Shrines To America
By: Mark W Adams

Go to any town square in middle America and you will witness an interesting architectural phenomenon which speaks volumes to our collective cultural history.

Holding a prime piece of real estate will be a large, impressive church that has been standing for well over one hundred years.  It may even have a plaque designating it as a protected historical building, but you can be sure it has been in continuous operation servicing a dedicated congregation for generations.

Looking across the street, usually in the center of the square, will be the courthouse. Often this building enjoys historical significances as well. Originally it was the center of all government power, whose functions have long since outgrown their original building -- outsourced to taller, box-like structures ringing the square.  But you can get there from the unmistakable old courthouse whose employees are more than willing to tell you where to go.

I marveled at this as a young lawyer, traveling to a city I hadn't been to before, and instantly recognizing where to go simply by heading to the center of town, parking close to the building that looked like it was where I should be, and as long as I was in the proper uniform -- suit, tie, briefcase in hand -- i would politely be directed to my designated cubbyhole via signs and helpful security.

However, over the last several decades, another garish building has dominated the center of the city.

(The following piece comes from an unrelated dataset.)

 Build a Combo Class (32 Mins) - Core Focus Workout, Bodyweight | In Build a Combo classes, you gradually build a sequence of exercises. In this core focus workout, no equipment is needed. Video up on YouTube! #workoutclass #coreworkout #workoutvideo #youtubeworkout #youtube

Literally overshadowing the quaint courthouse and high spires of the church is the county lock-up.

It seems a truly sad commentary on American society that an ugly, cinderblock monstrosity, a jail, is now the dominant building downtown -- literally overshadowing those other icons of our growth as a nation.
Seven Million in Prison: US Has Most Prisoners in World: "Tough sentencing laws, record numbers of drug offenders and high crime rates have contributed to the United States having the largest prison population and the highest rate of incarceration in the world, according to criminal justice experts. A US Justice Department report released on November 30 showed that a record 7 million people - or one in every 32 American adults - were behind bars, on probation or on parole at the end of last year."

(Via t r u t h o u t.)


Logipundit said...

Can't say I've ever noticed a jail crowding out the courthouse and church in a small town (and I've been to dozens of small towns--sales, not lawyering).

Are you simply talking metaphorically or do you have any examples of towns whose landscape have been drowned out by jails?

Make it a great day!

Mark W Adams said...

Alright, I've tried to rise to the occasion, and offer some visual examples. Check it out here

cindy said...

You really rose to the occasion - the follow up post with photos is excellent.